Retraining ensures that the model can correctly recognize new or updated fields and tables, and helps prevent unexpected behavior in production.

This article explains which types of layout changes require retraining and which ones can be applied without it. Understanding this distinction helps you save time and maintain model accuracy.

When retraining is required

Field Identification Models

Retraining is required if:

  • A new field is added.

  • The Multiline setting for an existing field is toggled. Learn more in Creating Semi-structured Layouts.

  • The Multiple Occurrences setting is toggled.

Retraining required

Adding a new field without retraining will not make it functional.

You must retrain the model with documents that include annotations for the new or updated field. Until retrained, the new field will remain unsupported. You’ll see a message in Training Data Management when new fields are missing from the training data:

To learn more about the annotation process, see our Training a Semi-structured Model and TDM for Identification Models articles.

Table Identification Models

Retraining is required if:

  • A new column has been added.

  • The Multiline setting for an existing column is toggled.

Retraining required

Adding a new column without retraining is not enough. The model must be retrained with annotated documents that contain the new or updated column.

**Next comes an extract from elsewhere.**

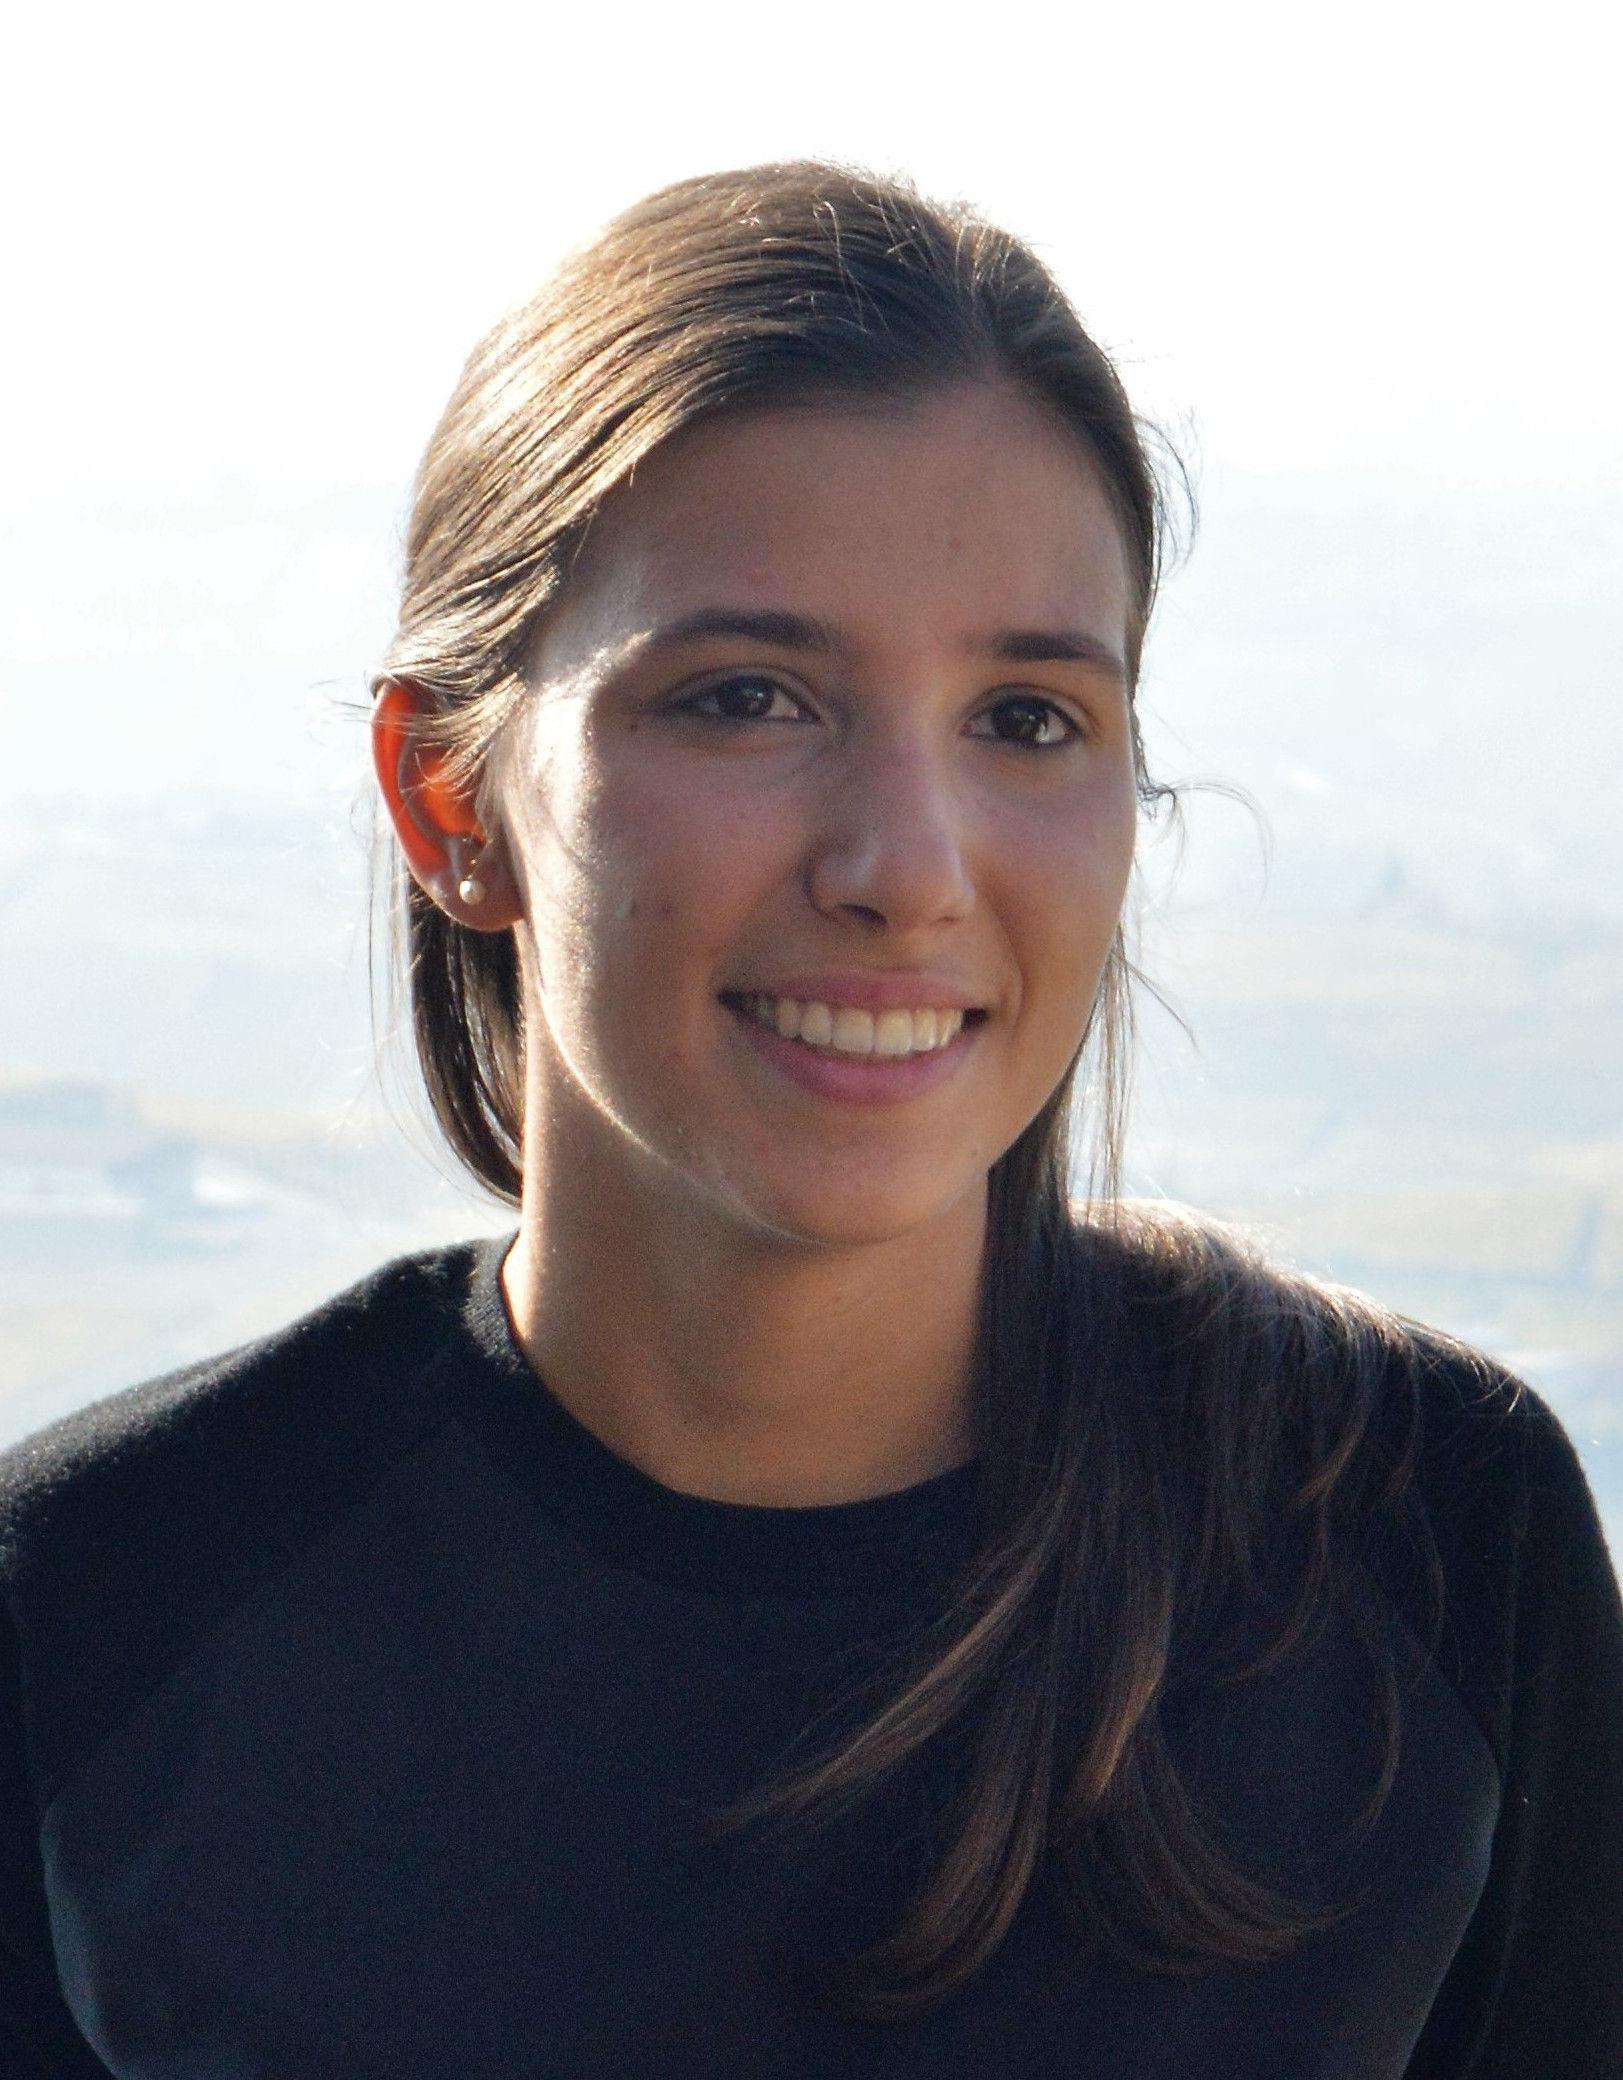 Enrica Soria

You’ll see a message in Training Data Management when new columns are missing from the training data:

Learn more about the annotation process in Training a Semi-structured Model and TDM for Identification Models.

When retraining is not required

Updating any of the following settings in an existing field does not require retraining your Field or Table ID model:

  • Output name

  • Transcription Supervision

  • Identification Supervision

  • Required

  • Not in English

Аlways verify layout-version compatibility when switching between model versions

The Live version of a model always uses the most recent layout version, regardless of which layout version it was originally trained with.

This pairing can lead to unexpected behavior, especially if changes were made to the layout after training (e.g. new fields, field-setting updates).

Example: If a model is trained on v3 of layout, and v4 of that layout is created after the training, the model will use v4 of the layout when deployed.

Field ID models

No retraining needed if:

  • A field is removed

  • A field’s data type is changed. To learn more, see Data Types.

Table ID models

A Table ID model does not need to be retrained if:

  • A column is removed

  • A column’s data type is changed

Additional Considerations

If you retrain with existing training data only, new fields/columns or ones with updated Multiline setting will not be included. Retraining must be done with enough annotated examples covering the new or modified layout elements. To learn more about the annotation process, see Training a Semi-structured Model.